In https://github.com/open-spaced-repetition/fsrs4anki/commit/20d2dae96c33ab05c79cf65e4e2cc67d55251513, L-M-Sherlock used 0.05 as the minimum value for this parameter. (It was called w[5] at that time.)
But, using 0.05 as the minimum limit with my collection, not only made RMSE worse, but also increased the workload (parameters calculated with the new limit on exactly the same collection gave me a backlog of 900 extra cards). First reported in https://github.com/open-spaced-repetition/fsrs4anki/issues/342#issuecomment-1633451433
L-M-Sherlock gave this explanation for the issue:
One rational explanation for your case is, you don't have ease hell, but w[5] assume you have.
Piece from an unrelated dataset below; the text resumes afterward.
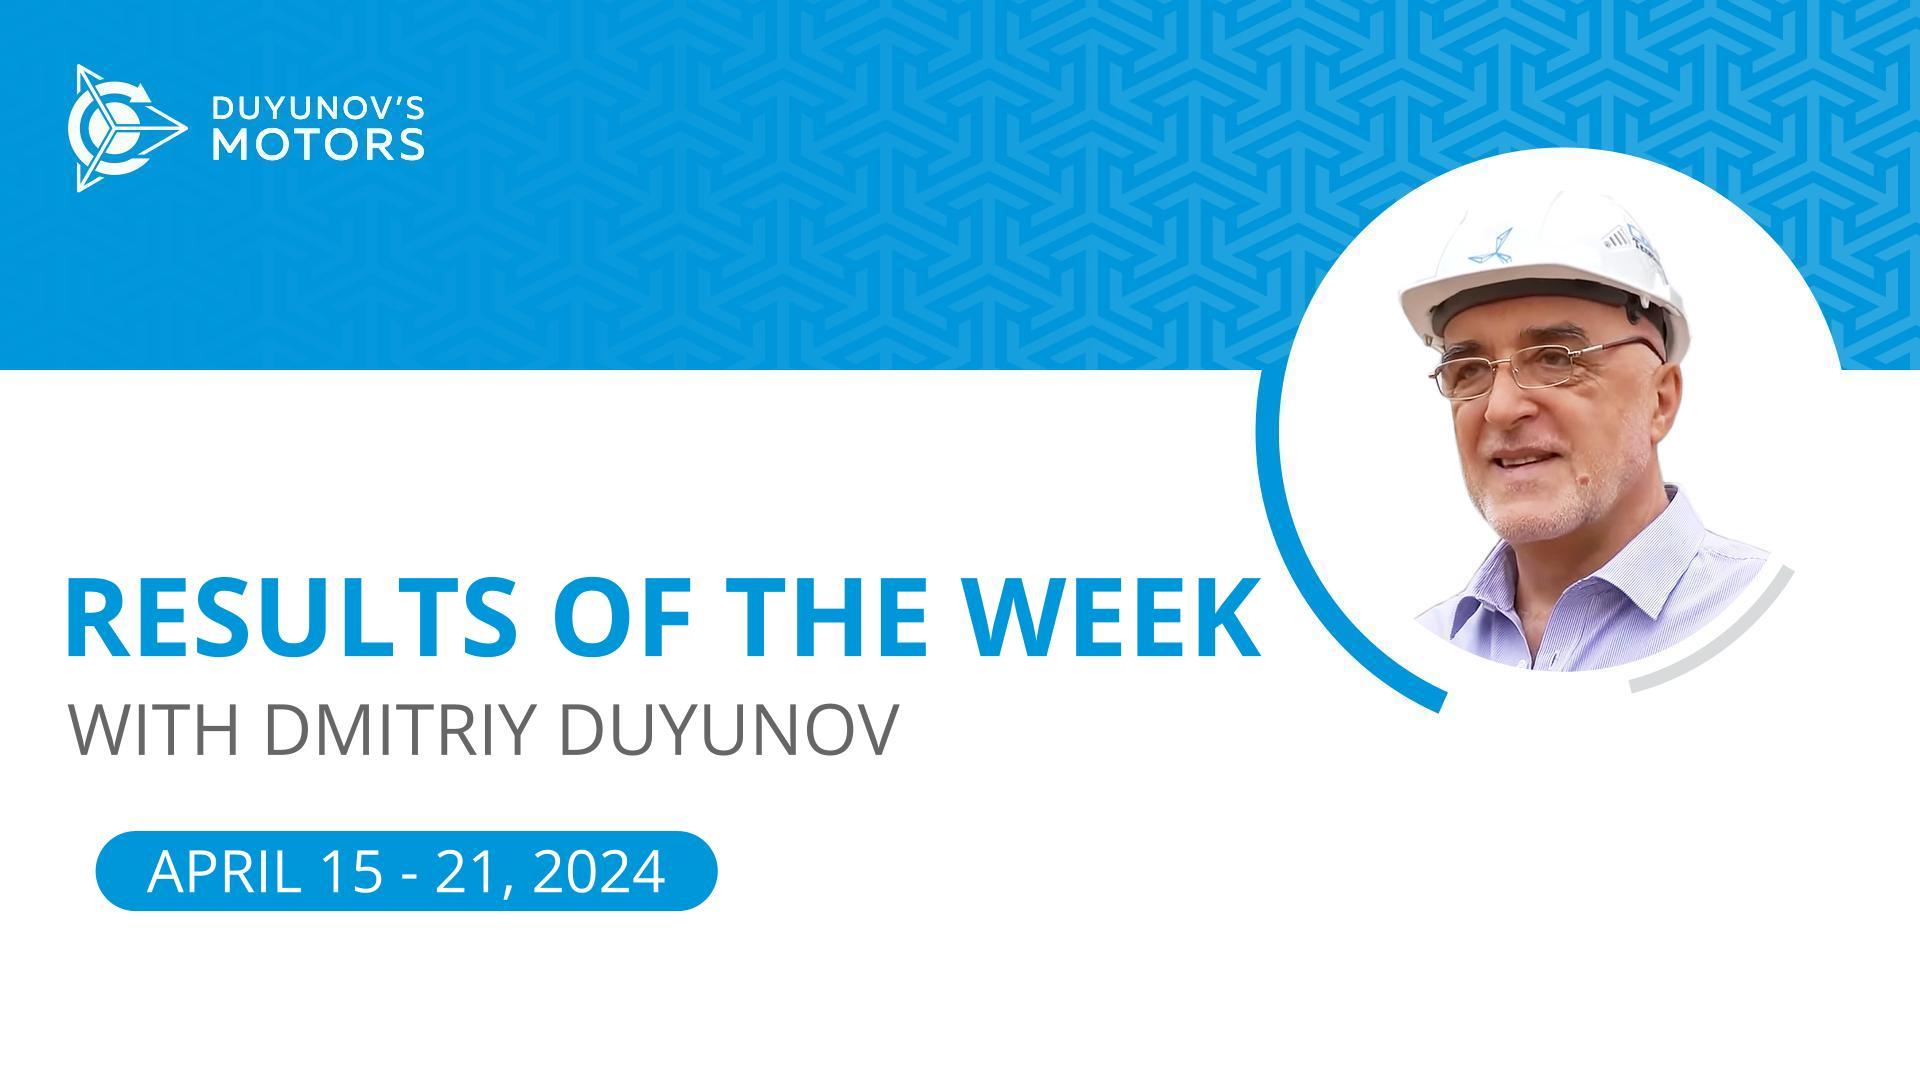 Results of the week in the project "Duyunov's motors"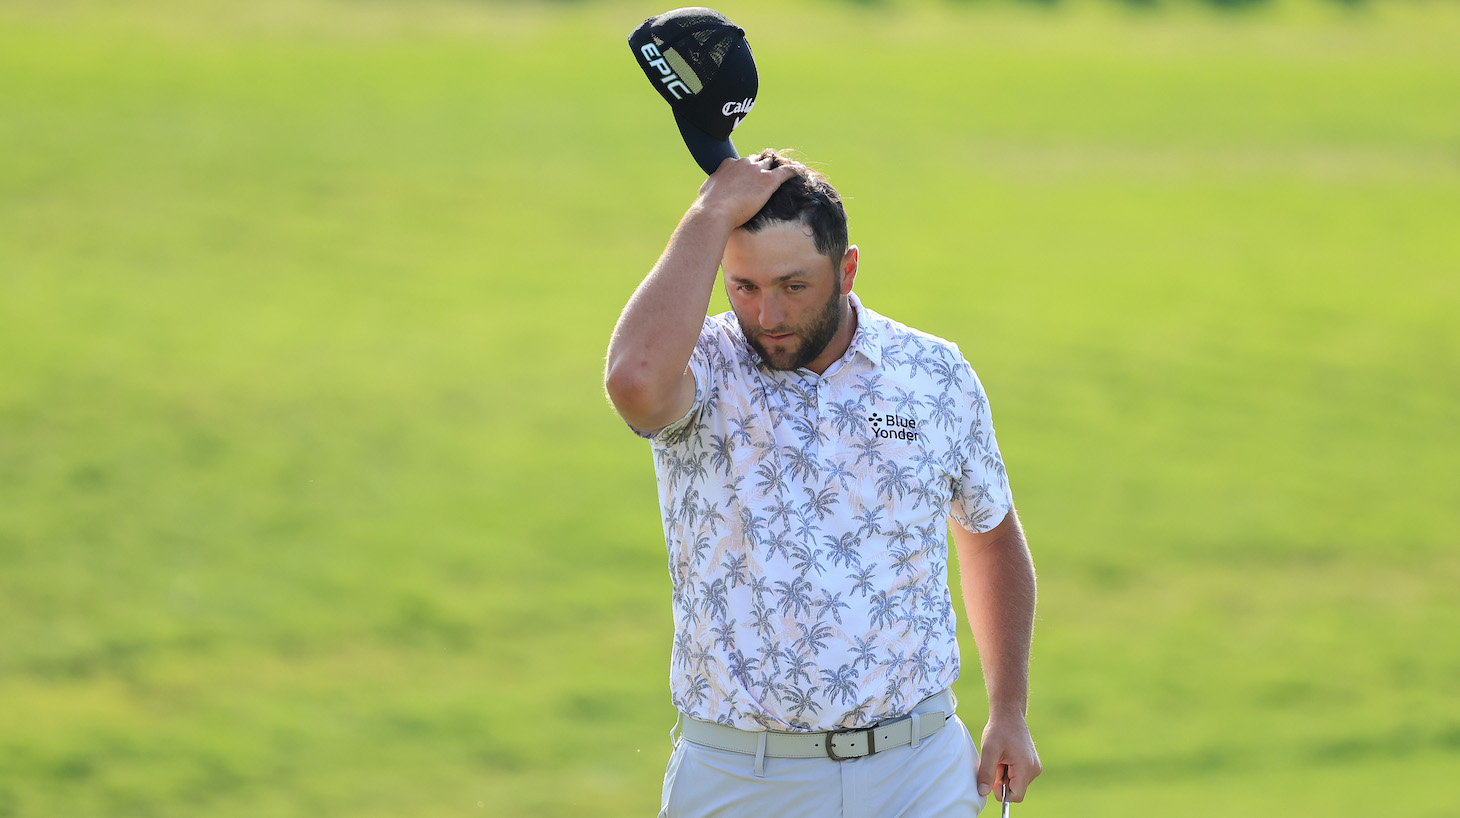 Jon Rahm of Spain reacts as he walks off the 18th green after completing his third round of The Memorial Tournament at Muirfield Village Golf Club on June 05, 2021 in Dublin, Ohio.

So w[5] will decrease the difficulty in the long-term. Then w[4] would increase to counteract or even override it, which induces the workload.
To fix the issue, he decreased the lower limit back to 0.
I advised using a small but non-zero lower limit (such as 0.0003)
His response was that such a low value won't result in any appreciable mean reversion and, thus, is no better than using 0.
The difference between 0.0003 and 0 is pretty small. If the initial difficulty is 5 and the current difficulty is 10. If you always press Good, here is the subsequent difficulty:
5 0.0003 + 10 (1-0.0003) = 9.9985 5 0.0003 + 9.9985 (1-0.0003) = 9.997 5 0.0003 + 9.997 (1-0.0003) = 9.9955 ...
Value 0.05 is way too high as in my N=1 case and small benchmark value of about 0.01 or close to it makes the difficulty scale and either improves RMSE or barely changes it. Within the new 24.10 beta with new FSRS5 this is even worse, as soon as optimizer ends with 0.0 or close on w7 then if I change it to 0.01 or much higher, it improves all metrics by a lot in best case 20%
it improves all metrics by a lot in best case 20%
That's extremely weird, considering that the benchmarks show that the difference in RMSE between clamped w7 and unclamped is <1%
My noob idea is do it both clamped and unclamped when that parameter is 0.0 and keep the params that are better but of course, you can deliberate on a better solution.
@Expertium It is different as in benchmark case the clamping occurs on batch basis while in my manual case the clamping is done only at the end.
I don't know what you mean
FSRS 5 even more than 4.5 likes to optimize parameter 7 which also disables difficulty decay to 0. Even manually changing the parameter after optimization results in better log loss and rmse(bins). Probably needs more testing in benchmark, but setting minimum at about 0.0100 would fix this issue and improve the fit to data.